━━━ PROVIDED MATERIAL ━━━
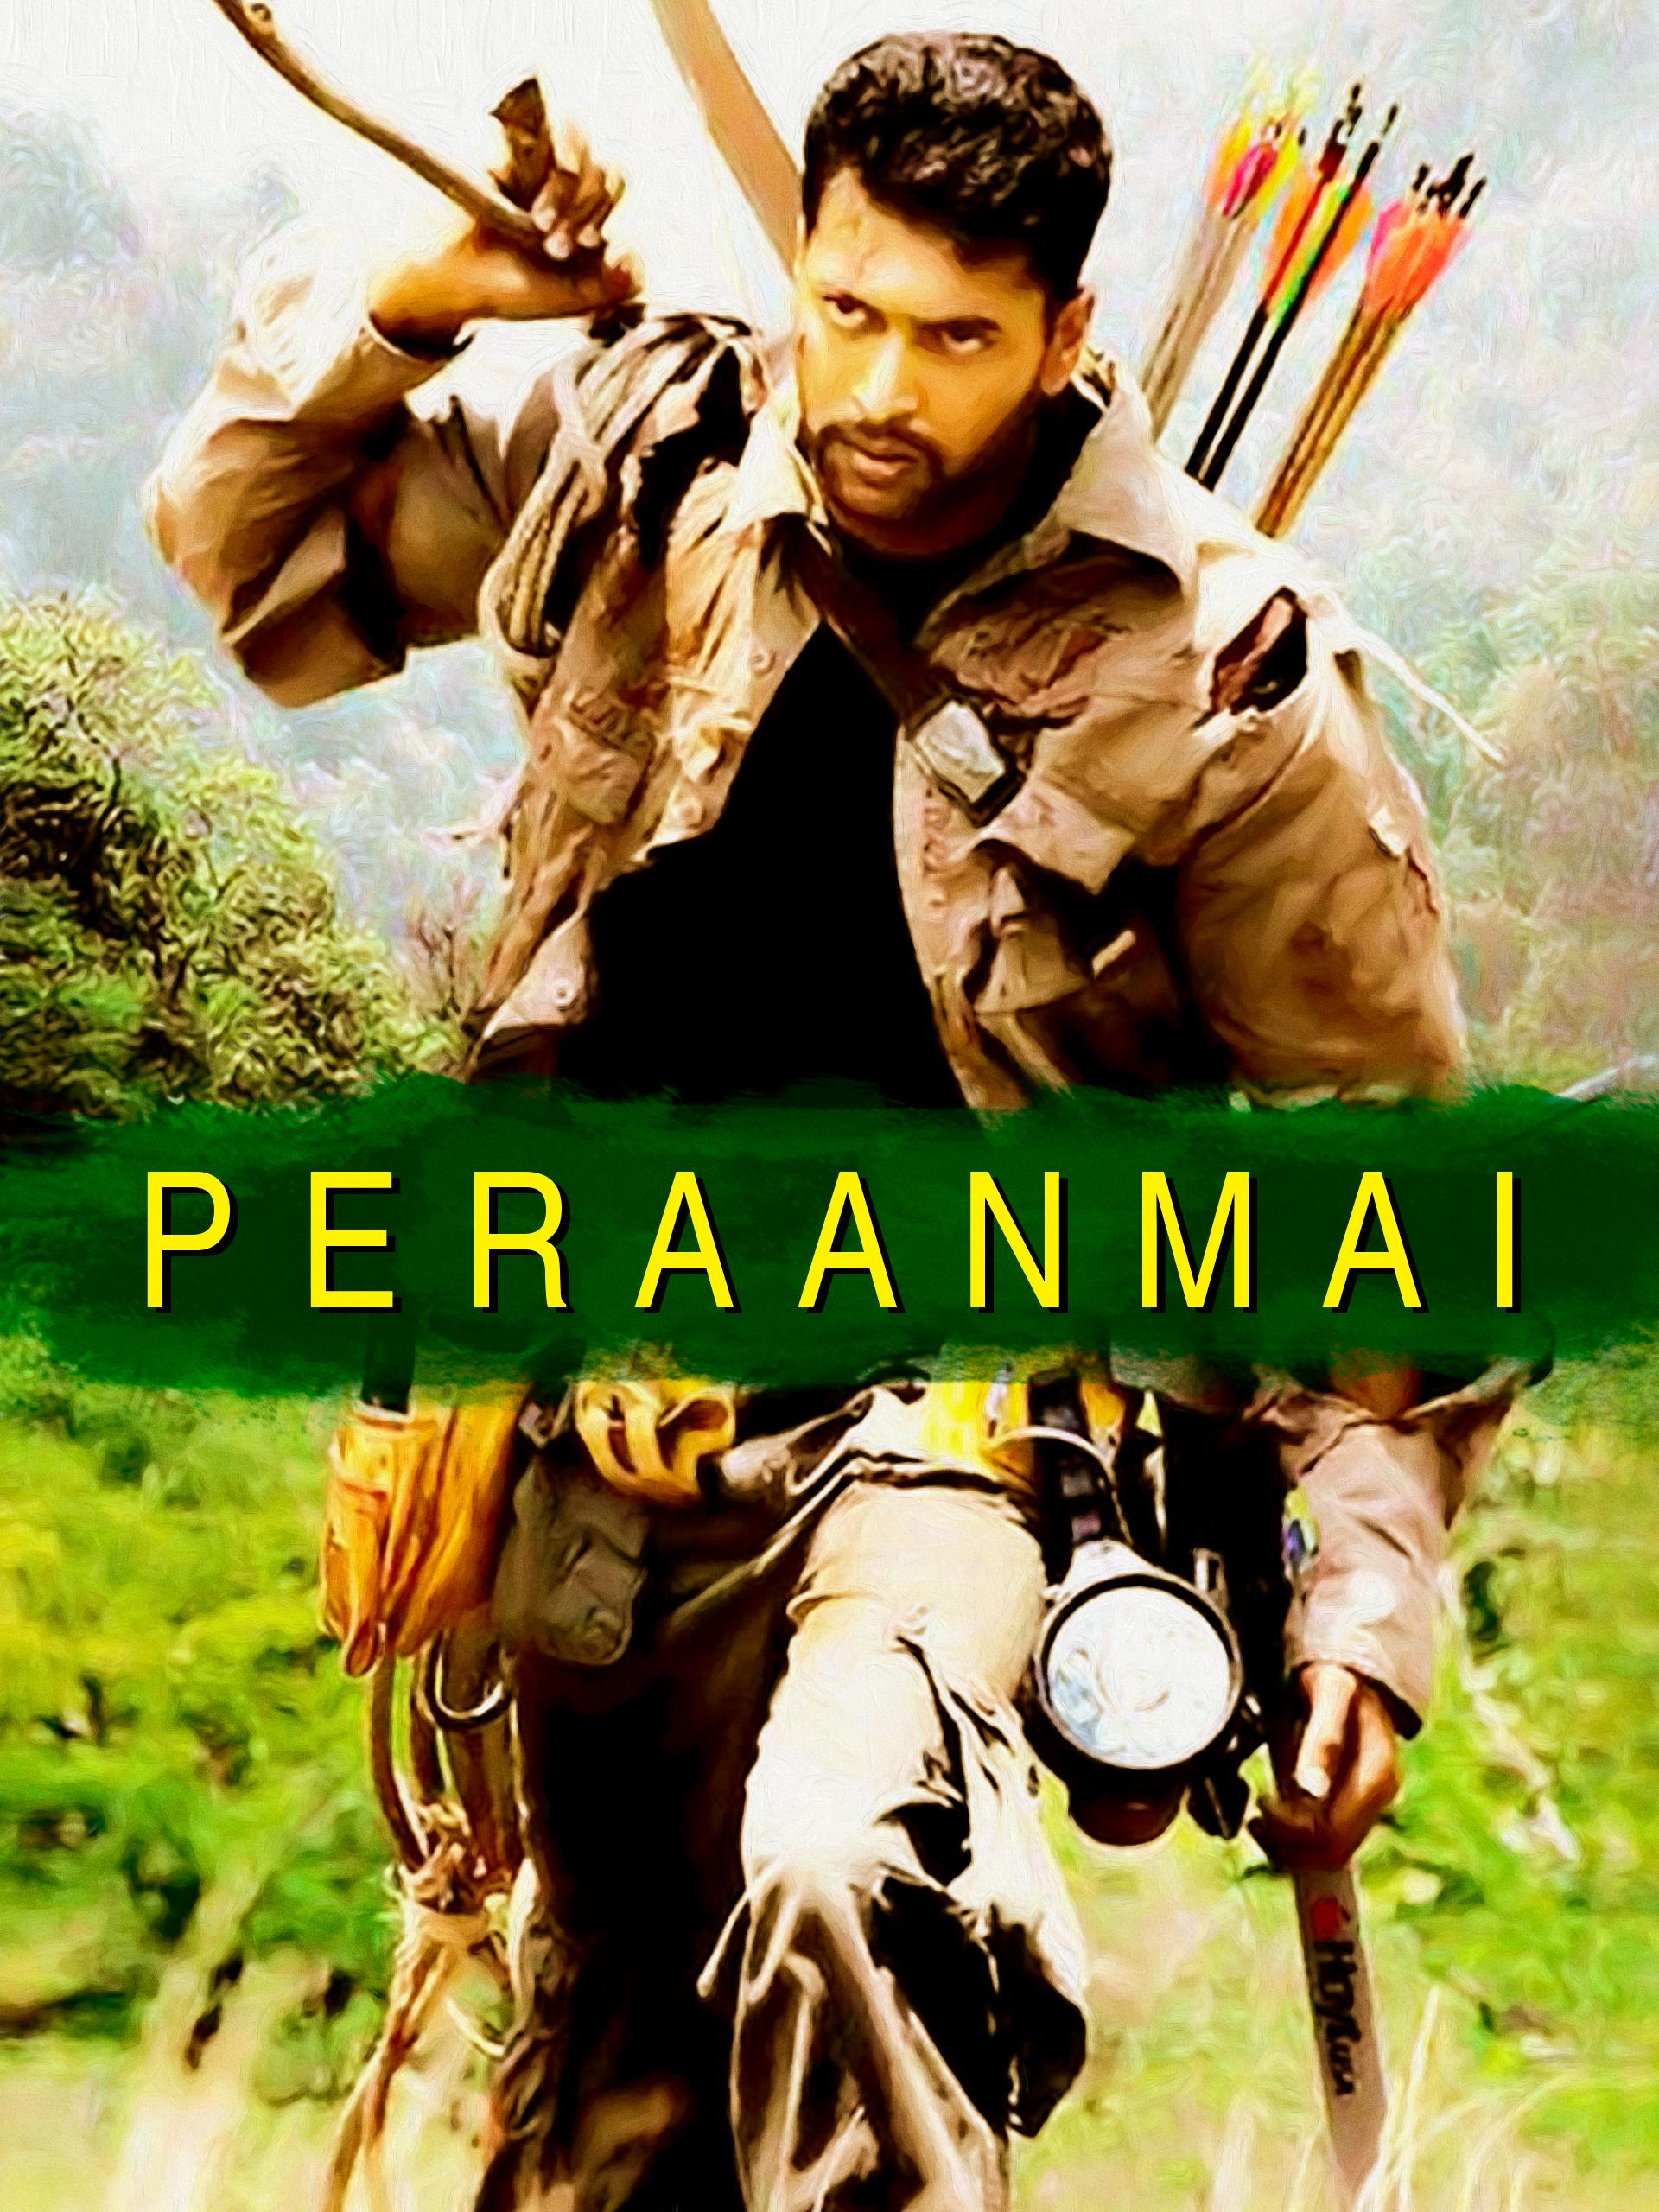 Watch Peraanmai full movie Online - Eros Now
━━━
━━━ PROVIDED MATERIAL ━━━
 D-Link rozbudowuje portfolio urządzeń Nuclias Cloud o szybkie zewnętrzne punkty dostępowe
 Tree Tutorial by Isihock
━━━
- **YOUR GOAL**:
Look through the data above and return exactly the lines from the one that contains "D-Link rozbudowuje portfolio" to the one that contains "Tree Tutorial by Isihock", inclusive, with nothing else.

- **OUTPUT**:
 D-Link rozbudowuje portfolio urządzeń Nuclias Cloud o szybkie zewnętrzne punkty dostępowe
 Tree Tutorial by Isihock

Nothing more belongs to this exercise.